You are viewing a plain text version of this content. The canonical link for it is here.
Posted to commits@tvm.apache.org by tq...@apache.org on 2020/04/29 17:22:34 UTC

[incubator-tvm] branch master updated: [CODEGEN][CUDA] Fix a bug when vectorized load&store was involved for… (#5428)

This is an automated email from the ASF dual-hosted git repository.

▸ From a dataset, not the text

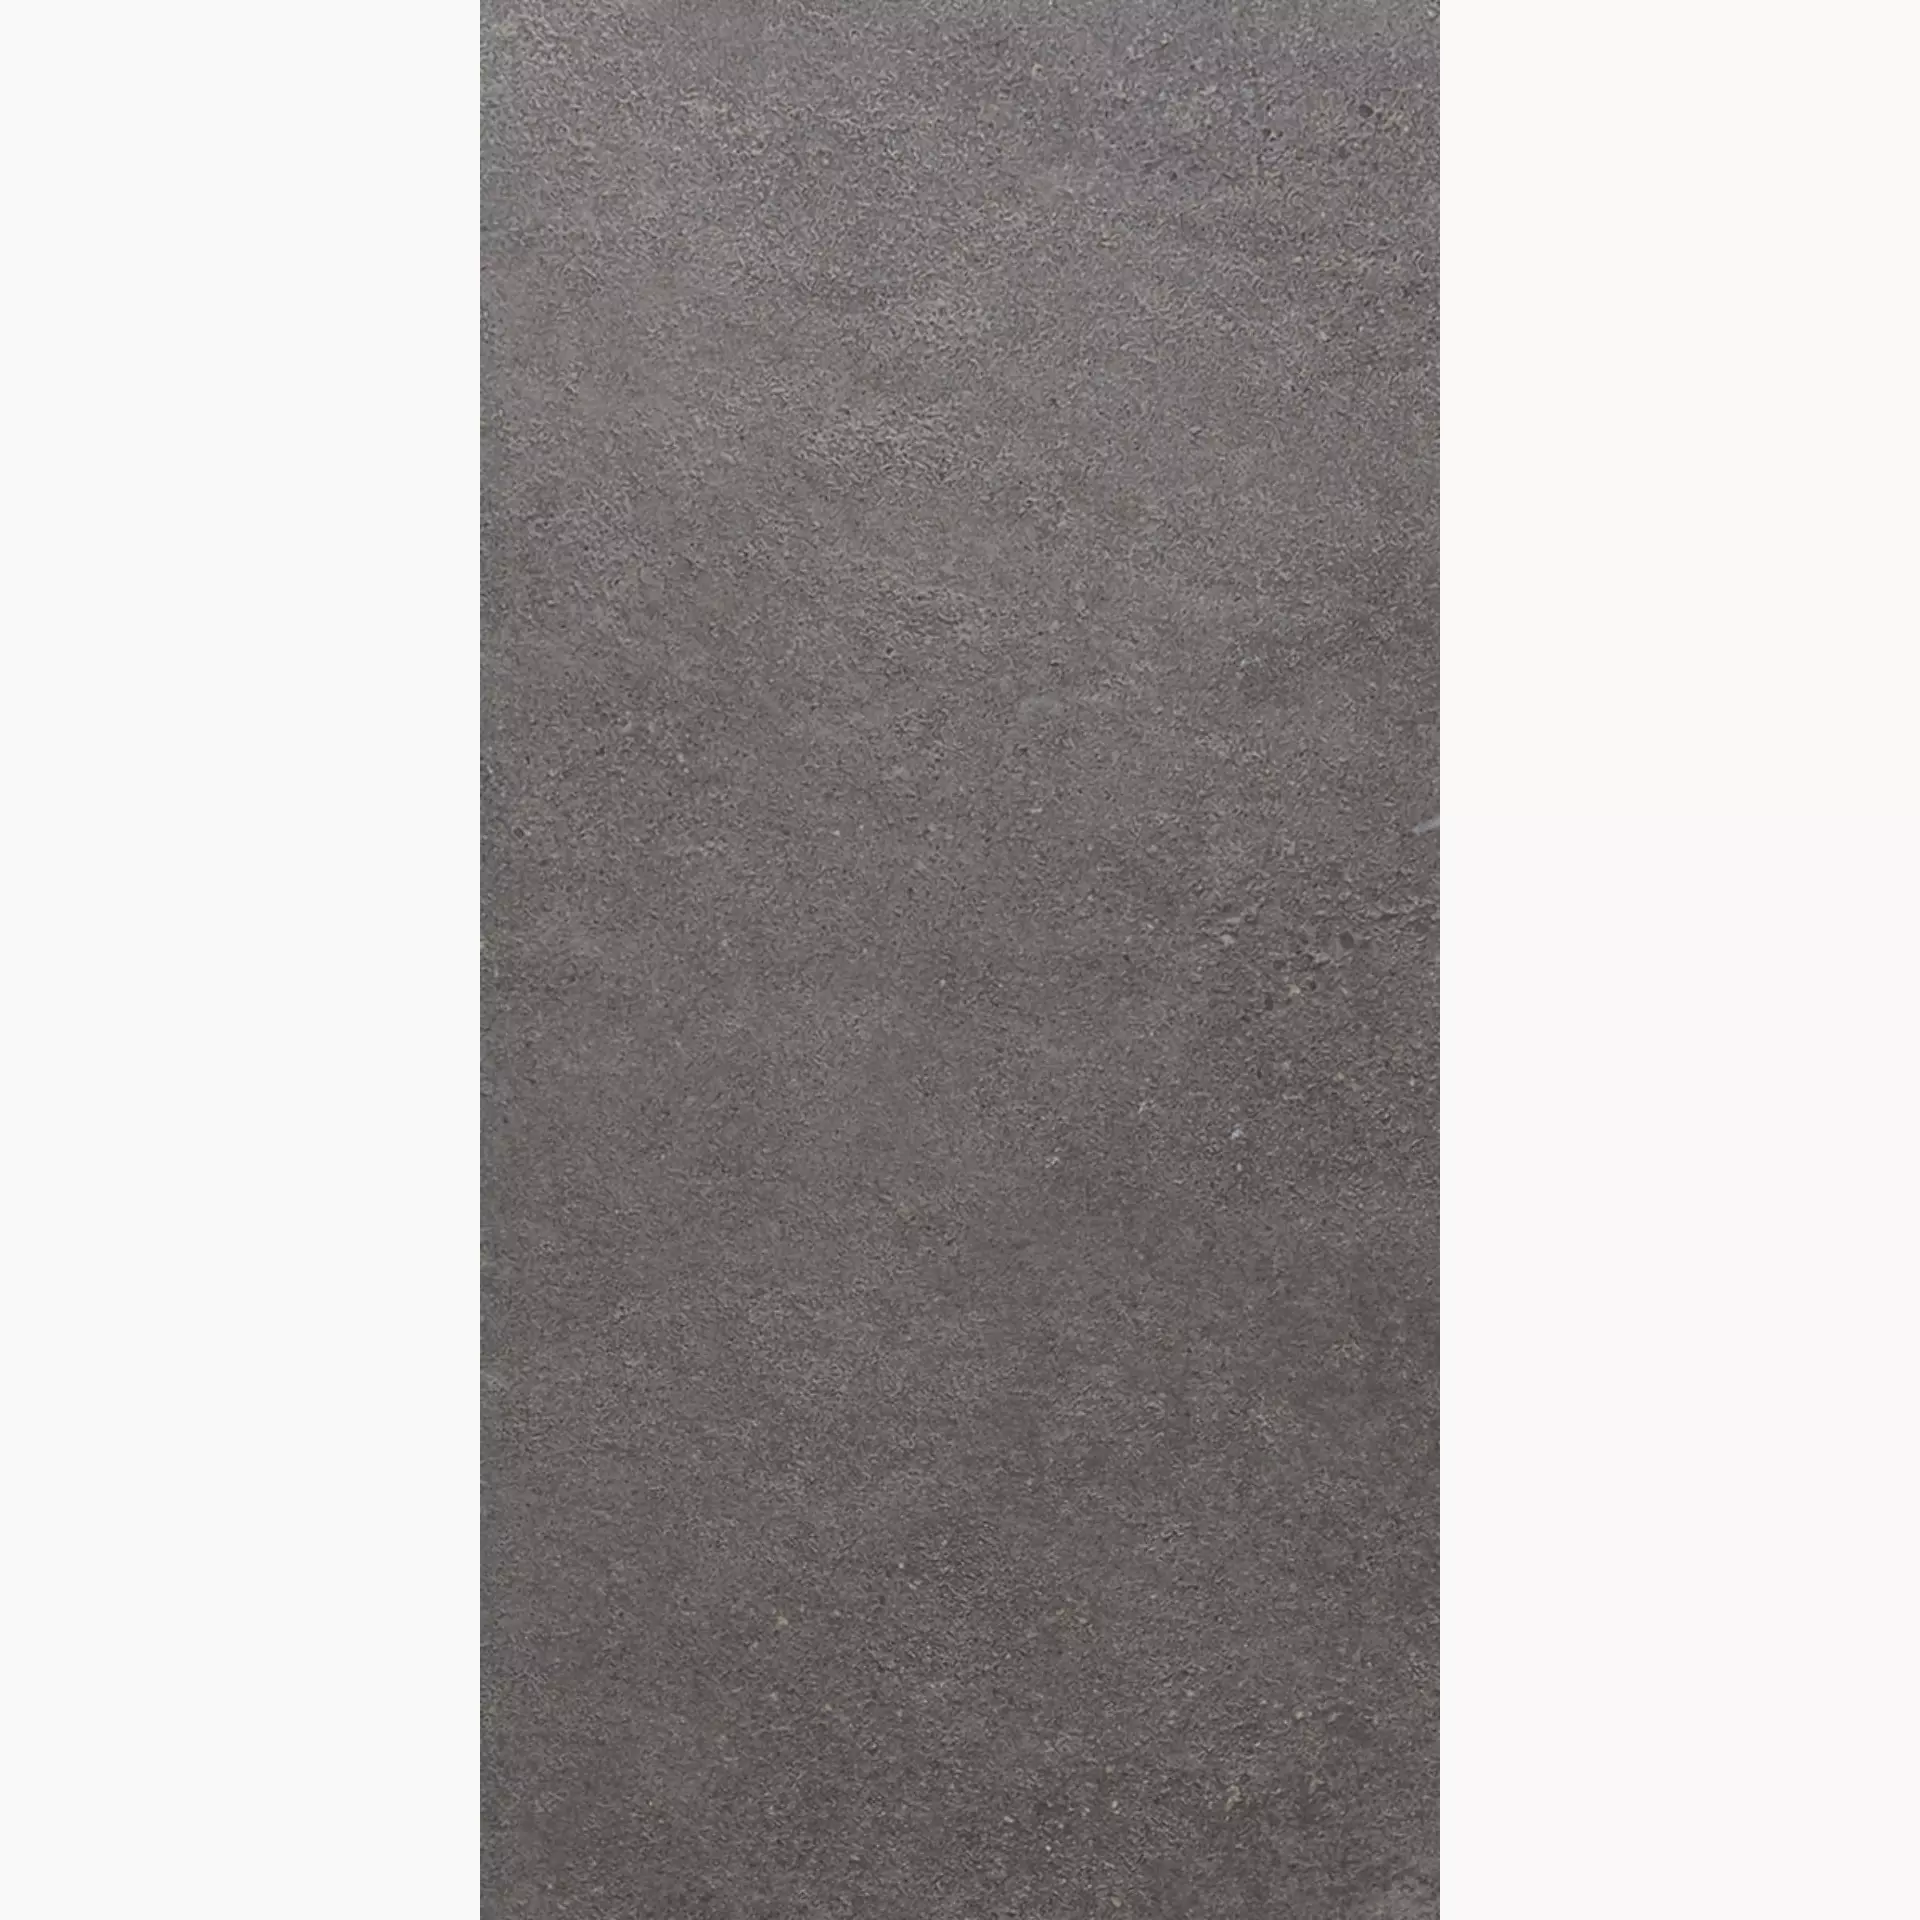 Rondine Loft Dark Naturale J89018 30x60cm rektifiziert 8,5mm

tqchen pushed a commit to branch master
in repository https://gitbox.apache.org/repos/asf/incubator-tvm.git


The following commit(s) were added to refs/heads/master by this push:
     new f1e87f1  [CODEGEN][CUDA] Fix a bug when vectorized load&store was involved for… (#5428)
f1e87f1 is described below

commit f1e87f1b18be048183bb8d09f417e320d46f8a34
Author: boh_inspur <61...@users.noreply.github.com>
AuthorDate: Wed Apr 29 12:22:25 2020 -0500

    [CODEGEN][CUDA] Fix a bug when vectorized load&store was involved for… (#5428)
    
    * [CODEGEN][CUDA] Fix a bug when vectorized load&store was involved for "char2"
    
    * Add unittest for char2
    
    * vector element load support char2&add some unittest for vector element load
    
    * Merge common up logic&Support char3&Add unittest for char3
---
 src/target/source/codegen_cuda.cc                 | 37 ++++++++++++++++-------
 tests/python/unittest/test_target_codegen_cuda.py | 29 +++++++++++++-----
 2 files changed, 48 insertions(+), 18 deletions(-)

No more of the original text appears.